Goodreads / Buy It
Title: The Vanishing Season
Author: Jodi Lynn Anderson
Pub. Date: July 1, 2014
Genre: Young Adult
Rec. Age Level: 14+
More by this author: Tiger Lily, Peaches
Girls started vanishing in the fall, and now winter's come to lay a white sheet over the horror. Door County, it seems, is swallowing the young, right into its very dirt. From beneath the house on Water Street, I've watched the danger swell.
The residents know me as the noises in the house at night, the creaking on the stairs. I'm the reflection behind them in the glass, the feeling of fear in the cellar. I'm tied—it seems—to this house, this street, this town.
I'm tied to Maggie and Pauline, though I don't know why. I think it's because death is coming for one of them, or both.
All I know is that the present and the past are piling up, and I am here to dig.I am looking for the things that are buried.
From bestselling author Jodi Lynn Anderson comes a friendship story bound in snow and starlight, a haunting mystery of love, betrayal, redemption, and the moments that we leave behind.
I picked up The Vanishing Season because I really loved Anderson's last novel, a gorgeous retelling of Peter Pan. Oddly, I hadn't heard much about this newest novel and knew little about it other than the fact that it made the Summer 2014 Kids' Indie Next List. I actually decided to read The Vanishing Season after an especially long day; I had been hoping for a light, relaxing read. That is not what I found. Instead, I was up all night, caught up in this beautiful, heartbreaking book.

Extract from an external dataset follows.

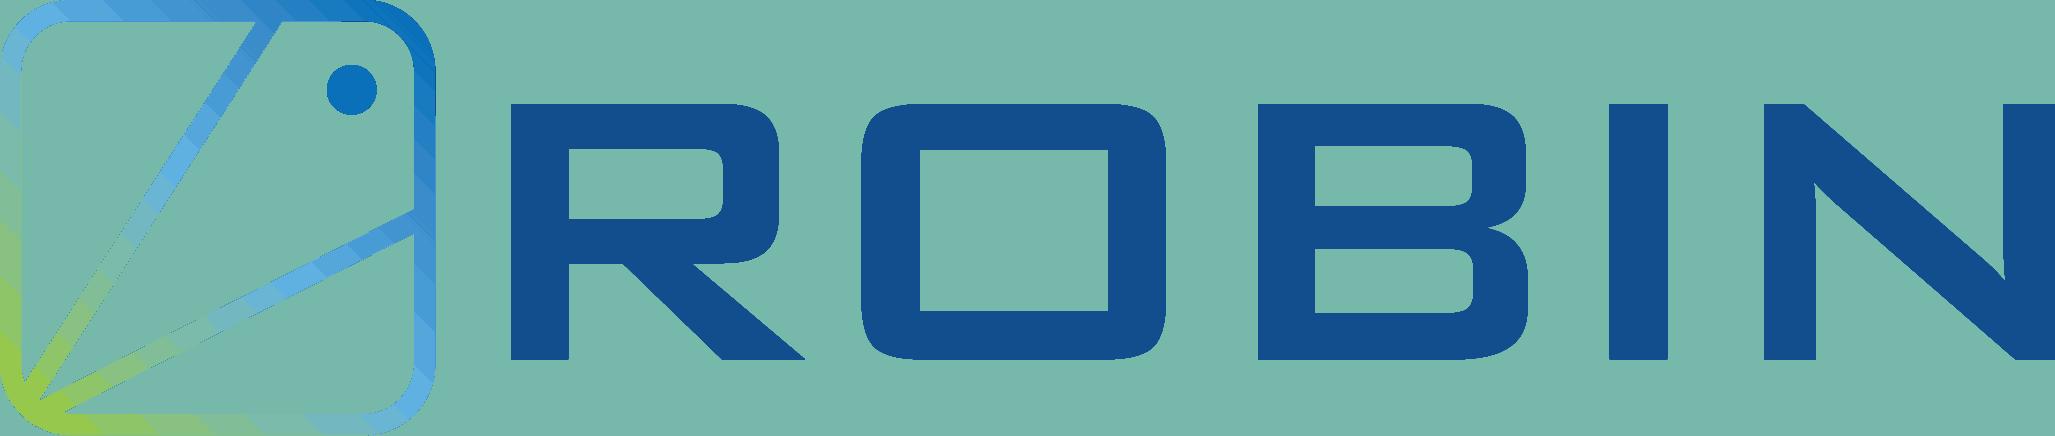 robin-new-logo-white-bg-1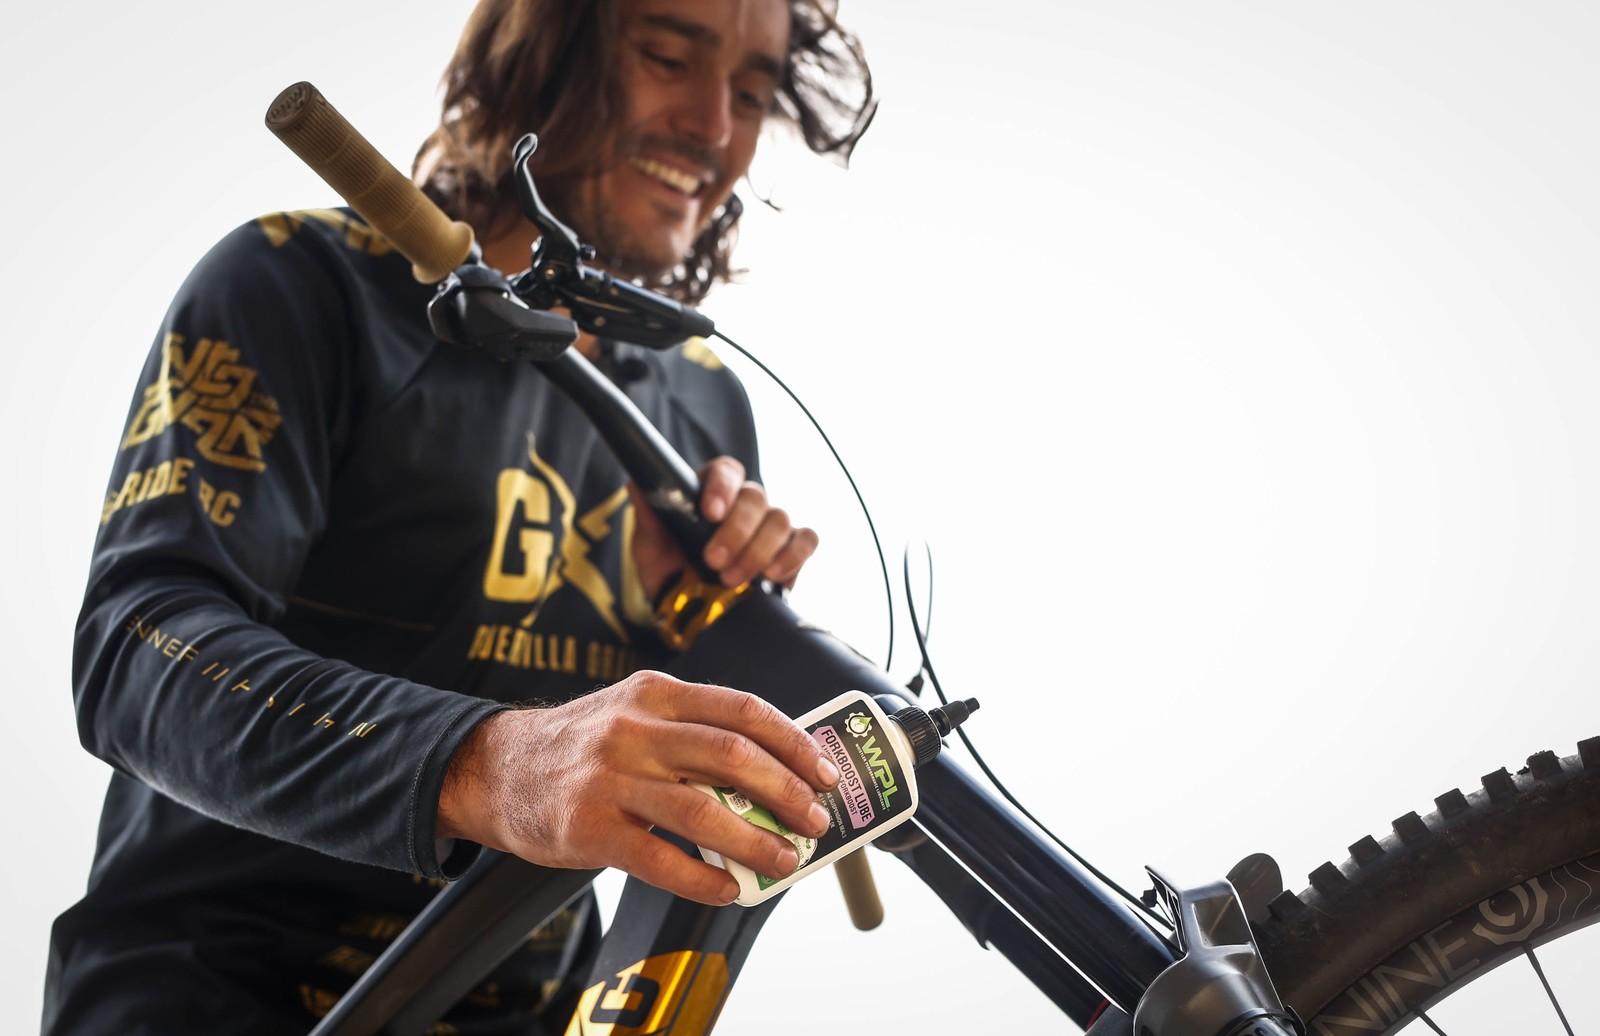 Yoann Barelli - The Sustainability Guru Just Got Greener

I would classify The Vanishing Season as literary YA. It moves slowly, the focus on the characters rather than plot or action. When I told my friend I was up all night crying over this book and she asked me what happens in it, my first response was to say 'nothing.'While this isn't strictly true - there's murder, a ghost, and romance - The Vanishing Season is a quiet book that develops with precision.
I think it's important to clarify that this is not a ghost story per se and it is definitely not horror. The narration does alternate between the main character, Maggie, and a ghost that is haunting her cellar, but the ghost's narration isn't meant to be scary. Instead, it adds to the mystery, which is driven primarily by a series of serial killings taking place throughout the novel.
One of my favorite things about this novel is the setting. It takes place on a Wisconsin peninsula, but, because so much of the Midwest is similar, it felt just like the area where I live. In the book, the tourists are referred to as fudgies, just like in Traverse City. The peninsula juts into Lake Michigan and Maggie spends much of her time trekking through the forest and exploring. Michigan and Wisconsin are interchangeable in the scenes described in the this novel, which probably had a positive effect on my reading experience. The setting, coupled with Maggie's personality, felt very familiar to me.
Speaking of Maggie's personality, it was... unique. Or maybe just different than I'm used to seeing in YA. Maggie is nice. Readers might argue that she's nice to a fault actually. And though I sometimes wanted her to give into the anger that I knew was simmering below the surface or to stand up for herself, I also respected her politeness. I'm not really sure how to describe it - or her - other than quintessentially Midwestern.
I'll be thinking about The Vanishing Season for a very long time. It isn't your normal YA read; it likely won't conform to your expectations. It will leave your with an aching heart and a tear stained face. But, trust me, it's worth it.